The Daily News of Bowling Green on the Bowling Green-Warren County Regional Airport leasing land:
The Bowling Green-Warren County Regional Airport sits on very fertile and expensive land in the middle of a booming part of town and is becoming surrounded by existing and pending development.
Our airport provides a valuable service to many people in the community. Some residents have their own planes, other airplanes bring parts and other items for businesses quite often and we also have a commercial air service, Contour Airlines, that flies people to Destin, Fla., and back each year.
The airport generates some money, but like any business it looks for ways to potentially generate more. One such way we think the airport can do this is by leasing some of the land it possesses to potential investors to build upon. The airport board is considering leasing about 53 acres of the airport’s land fronting Lovers Lane for unspecified commercial development. Airport officials have said they have had several investors approach them about leasing the land.
This really seems like a no-brainer for the airport as just one more way to bring in additional revenue. The airport is owned jointly by the city and county and governed by an appointed board, which would make any final decision on a potential lease agreement. Some of the airport’s 566 acres are already leased to surrounding entities, such as car dealerships and to farmers who grow crops on the land.

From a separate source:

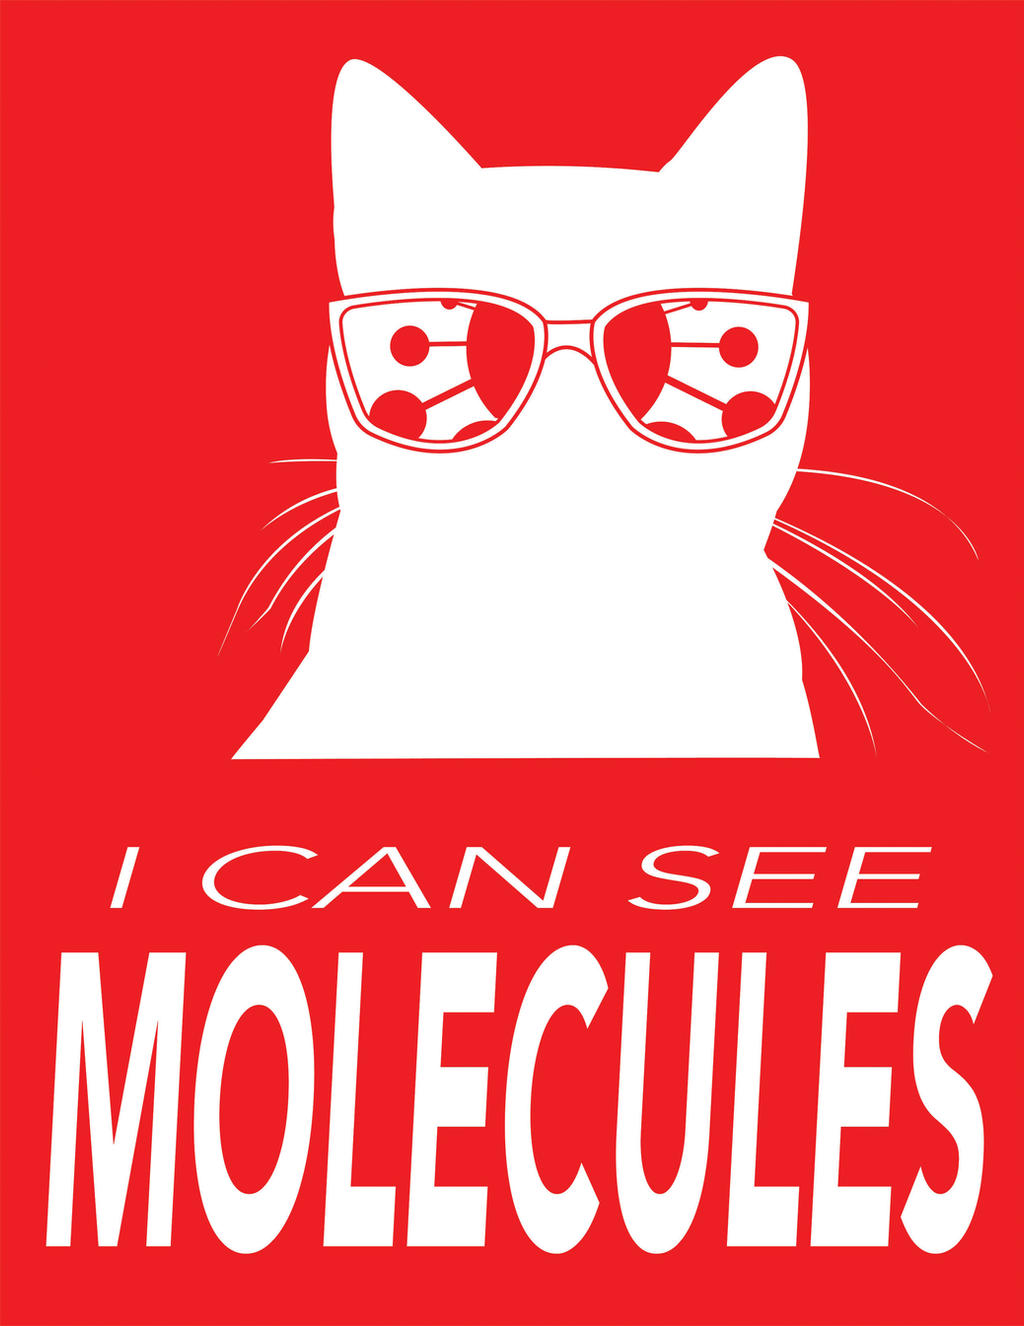 I can see MOLECULES

Because of Federal Aviation Administration restrictions, the airport can’t sell the land, so it would like to do a long-term lease. All indications are that it would be a 50-year lease. After the lease ends, the land would revert back to the airport. The development would have to be compatible with the noise from being so close to an airport, such as retail or office space, and the FAA has to approve every step of the process, including any potential uses.

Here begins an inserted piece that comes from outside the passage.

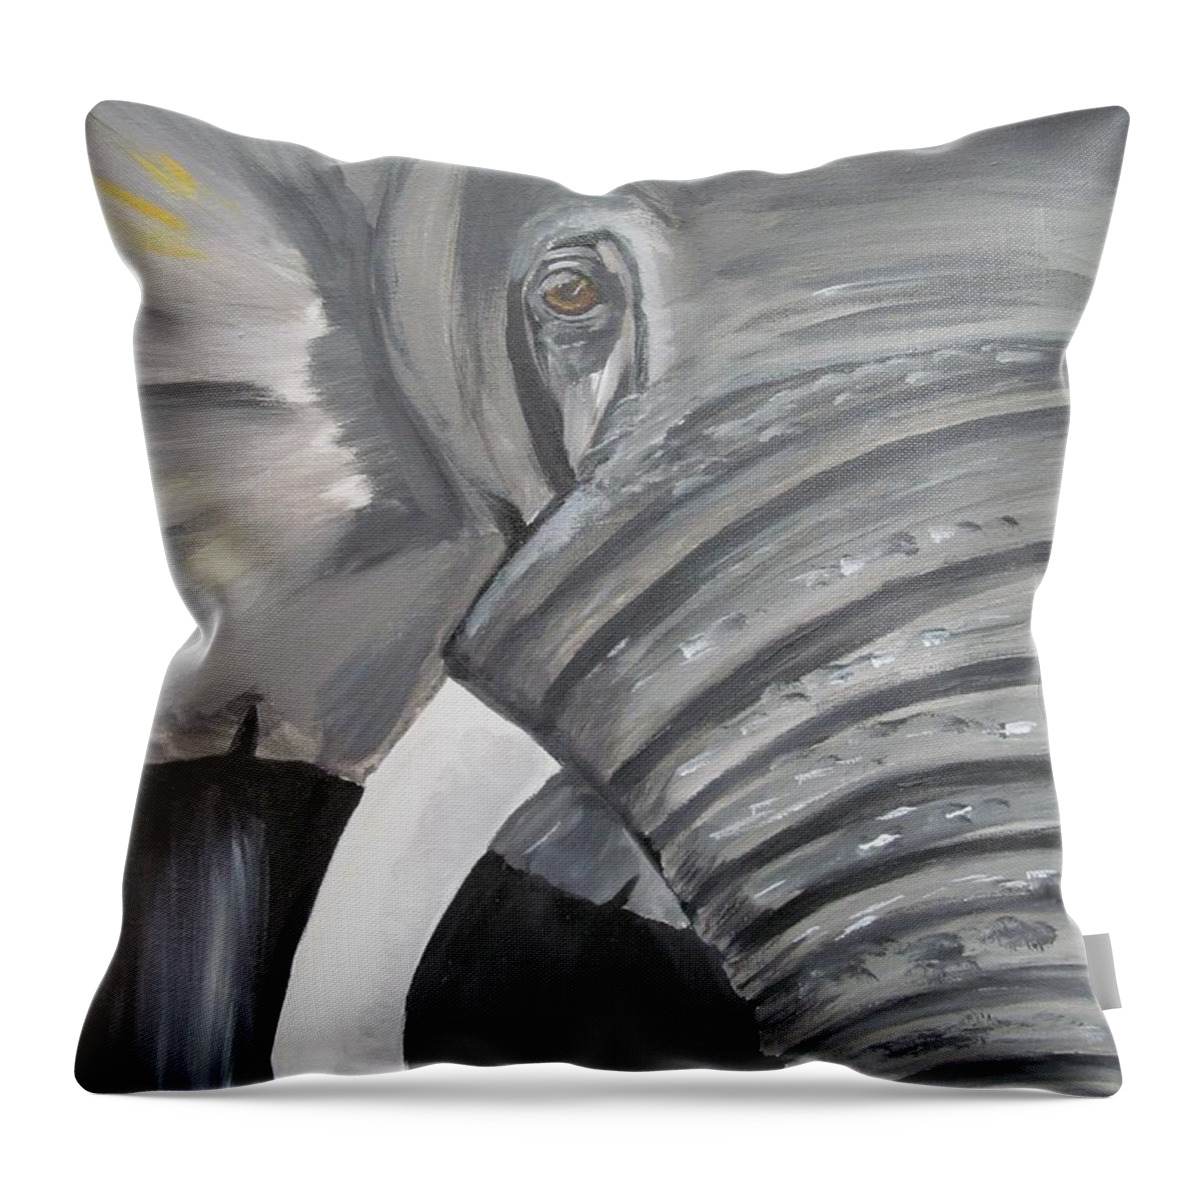 Elephant Throw Pillow featuring the painting Elephant by Susan Voidets

Leasing this prime piece of real estate, where everything around it is booming, really has the potential to be a plus for the airport. Leasing this now-unused land that has no agriculture on it would be a terrific way to generate funds for operations at the airport.
We are definitely behind the airport’s proposal of leasing this land. It is a great way to generate extra revenue and also expand in an area that really is expanding in a pretty big way.

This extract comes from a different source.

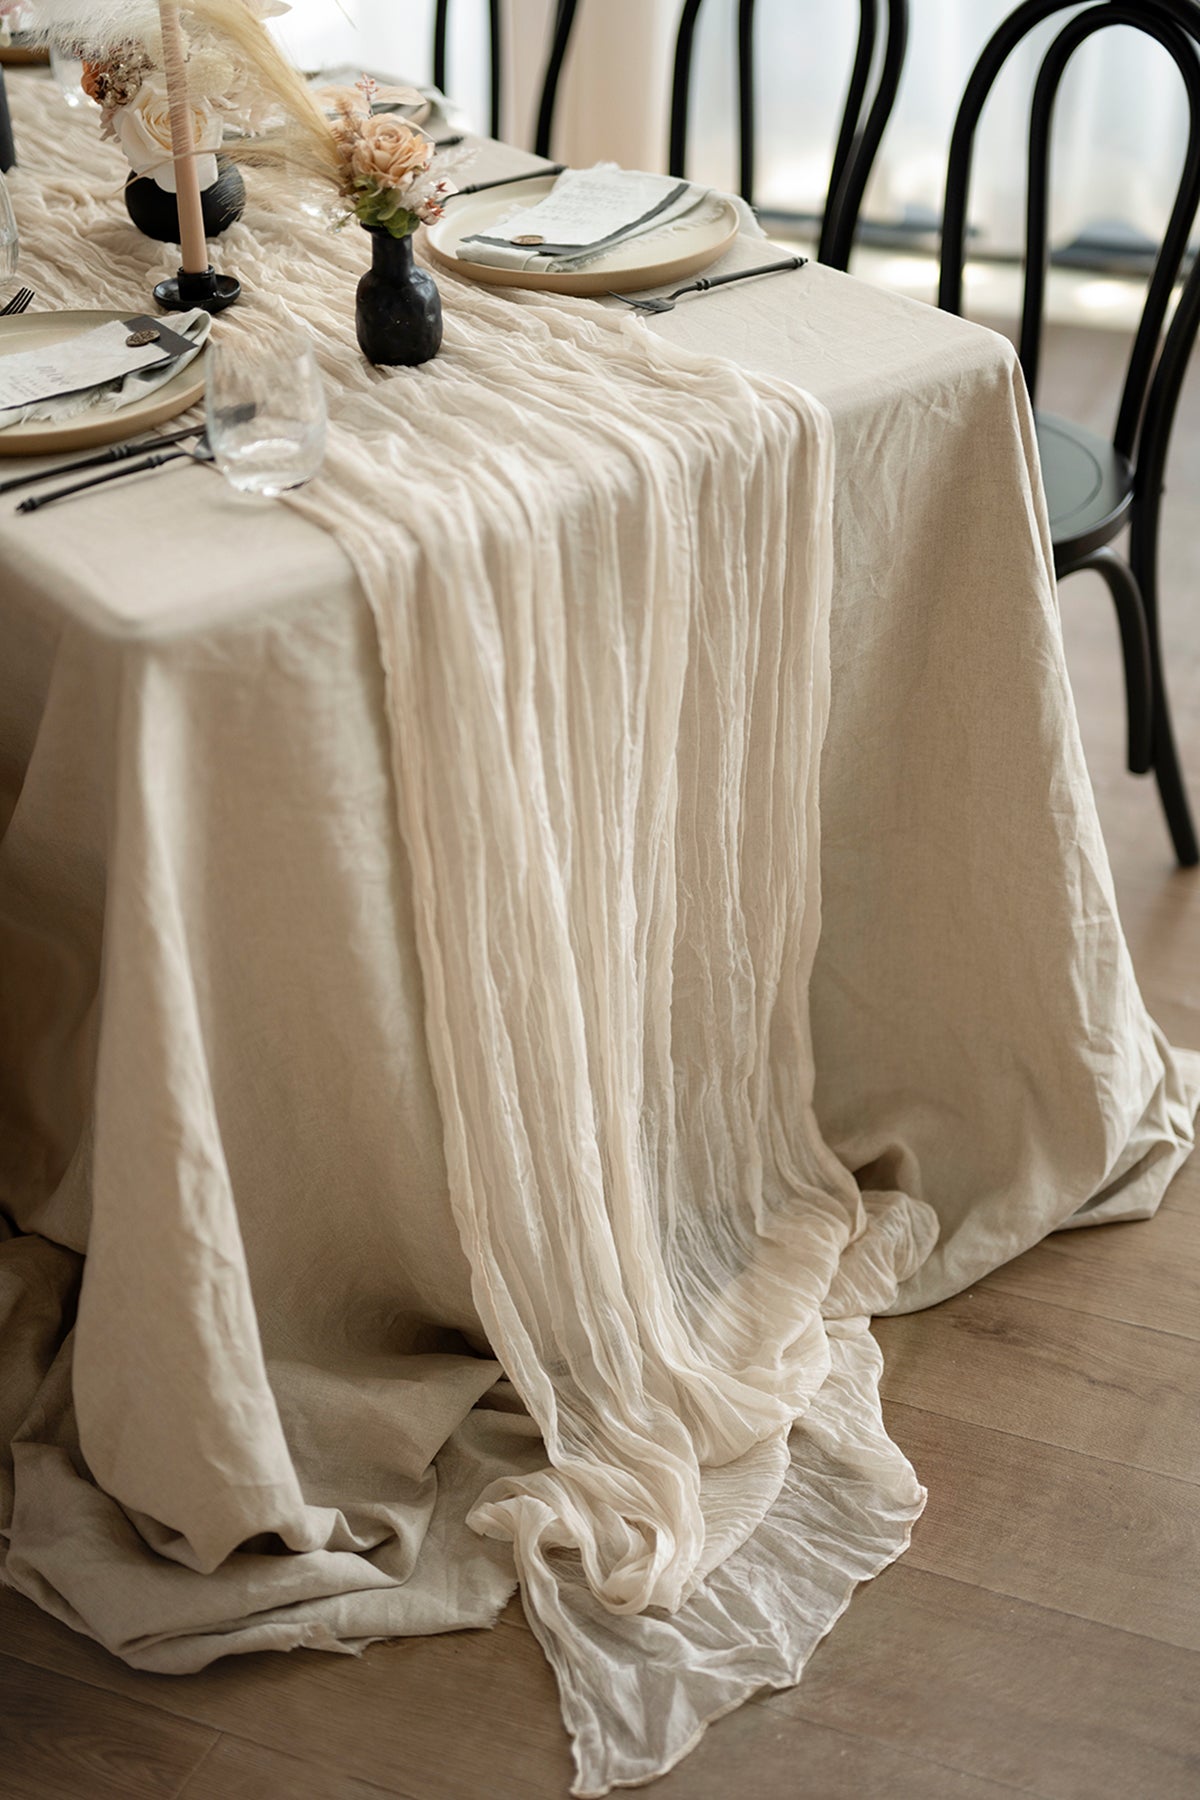 Table Linens in White & Beige – Ling's Moment

The State Journal on the Kentucky secretary of state’s bipartisan effort to stop statewide hunger:
We commend Kentucky Secretary of State Alison Lundergan Grimes on her bipartisan effort to help feed the state’s families who suffer from hunger.
Grimes’ office has launched the Commonwealth of Kentucky Bowl, a statewide challenge for local and county governments to gather non-perishable food and monetary donations to help those in need.
Statistics show that 1-in-4 children and 1-in-5 adults in the Bluegrass do not know where their next meal will come from and an estimated 700,000 Kentuckians are food insecure.
Grimes’ goal is to raise 400,000 pounds of food and/or $50,000 in honor of the 50th anniversary of the legislation that created the Area Development Districts. The challenge runs Oct. 16 through Oct. 27.
Her office has partnered with Kentucky Association of Food Banks (KAFB), the Kentucky Council of Area Development Districts (KDADD) and the Kentucky Association of Food Banks to sponsor the challenge.
By turning this effort into a competition, we believe more people will be willing to lend a hand, money or food donations.
Grimes has long been an advocate for hunger relief. As a child, she and her family served Thanksgiving dinner to the needy at the Salvation Army each November. She has also served on the board of God’s Pantry Food Bank in Lexington.
We also believe that by reaching across the aisle and making the competition not about politics, but about fulfilling a basic need of many Kentuckians, Grimes’ effort is to be praised.
As we roll into the holiday season, it is important to remember those less fortunate than ourselves. We should all follow Grimes’ example and give generously to those in need, because at some point we all need a hand and we are all in this together.
Perhaps Grimes summed it up best: “God gives us two hands for a reason - one to help ourselves and one to help others up.”